On 30 Aug 2012, at 23:19, Craig Weinberg wrote:



On Thursday, August 30, 2012 4:47:19 PM UTC-4, Alberto G.Corona wrote:
There is a human nature, and therefore a social nature with invariants.

in computational terms, the human mind is a collection or hardwired programs. codified by a developmental program, codified itself by a genetic program, which incidentally is a 90% identical in all humans (this is an amazing homogeneity for a single specie).

These hardwired programs create behaviours in humans, that interact in a social environment. By game theory, you can verify that there are Nash equilibriums among these human players. These optimums of well being for all withing the constraints of human nature called nash equilibriums are the moral code.

These equilibriums are no sharp maximums, but vary slightly according with the social coordinates. They are lines of surface maximums. These maximums are know by our intuition because we have suffered social selection, so a knowledge of them are intuitive. That we have suffered social selection means that the groups of hominids or the individual hominids whose conducts were away from the nash equilibriums dissapeared. To be near these equilibriums was an advantage so we have these hardwired intuitions, that the greeks called Nous and the chistians call soul.

What happens a broad variety of moral behaviours are really the expression of the same moral code operating in different circunstances where the optimum has been displaced. There are very interesting studies, for example in foundational book of evolutionary psychology "The adapted mind"

http://en.wikipedia.org/wiki/The_Adapted_Mind

about in which circunstances a mother may abandon his newborn child in extreme cases (In the study about pregnancy sickness). This would be at the extreme of the social spectrum: In the contrary in a affluent society close to ours, the rules are quite "normal". Both the normal behaviour or the extreme behaviour is created by the same basic algoritm of individual/social optimization. No matter if we see this from a dynamic way (contemplating the variations and extremes) or a static one contemplating a "normal" society, the moral is a unique, universal rule system. Thanks to the research on evolution applied to huumans, computer science and game theory, It is a rediscovered fact of human nature and his society, that await a development of evolutionary morals


Computational analogies can only provide us with a toy model of morality.


I agree with this. But we must not confuse compuational analogies, which can be inspiring but are analogies only, and the comp hypothesis, where we bet we digitally truncable at some level. the second assertion does indeed break many computer analogies, like it breaks down digital physics, or the idea that consciousness is a program or a computation.

Bruno





Should I eat my children, or should I order a pizza? It depends on the anticipation of statistical probabilities, etc...no different than how the equilibrium of oxygen and CO2 in my blood determines whether I inhale or exhale.

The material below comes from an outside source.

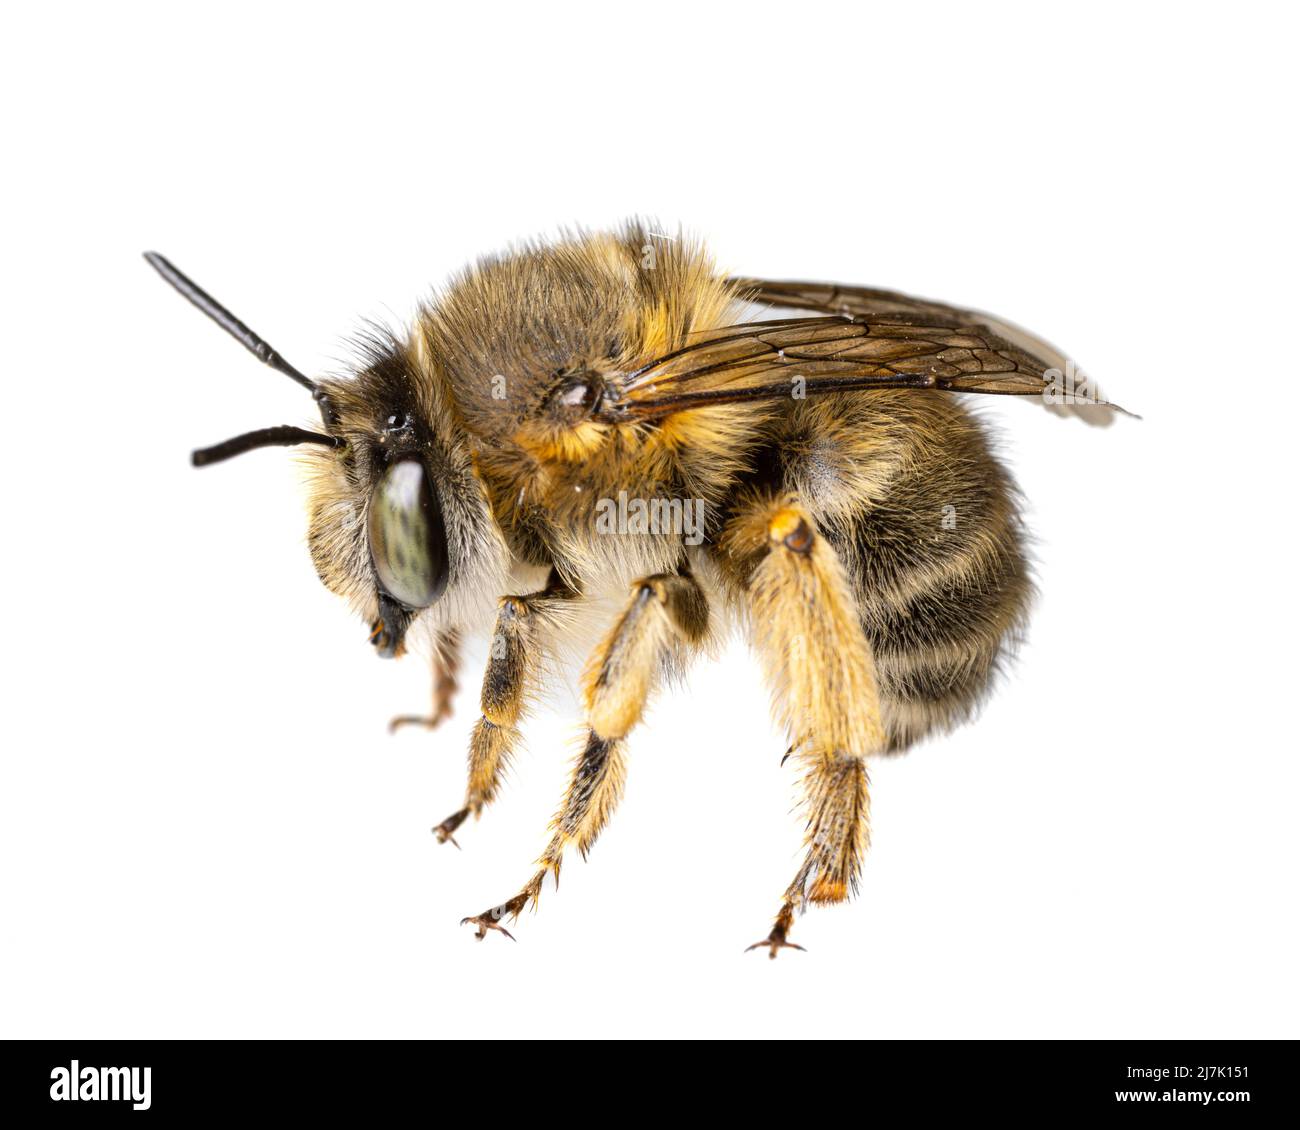 Insekten Europas - Bienen: Makro weiblicher Anthophora crinipes (Pelzbienen) isoliert auf weißem Hintergrund - Details der Beine Stockfoto

This kind of modeling may indeed offer some predictive strategies and instrumental knowledge of morality, but if we had to build a person or a universe based on this description, what would we get? Where is the revulsion, disgust, and blame - the stigma and shaming...the deep and violent prejudices? Surely they are not found in the banal evils of game theory.

To understand morals we must look at sense and motive, and how the association of transgressive motives (criminality) is associated fairly and unfairly with transgressive sense (images, characters worthy of disgust, shame, etc). We must understand how super- signifying images are telegraphed socially through and second-hand exaggeration and dramatization, of story-telling and parenting, demagoguery, religious authority, etc. Morality is politics. It is the subjective topology which elevates and lowers events, objects, people, places, behaviors, etc so that we enforce our own behavioral control before outside authorities need to. It isn't only a mathematical system of rules, it is a visceral drama. Consciousness computes, but consciousness itself has almost nothing to do with computation. It is experience. That is all there is.

Consciousness, as a first person experience, is provably not a computable phenomenon. This is a consequence of comp, not an argument against it.



One can experience the computation of other experiences, but without experience, there is no access to computation.

That is arithmetical solipsism, and is wrong in the comp theory.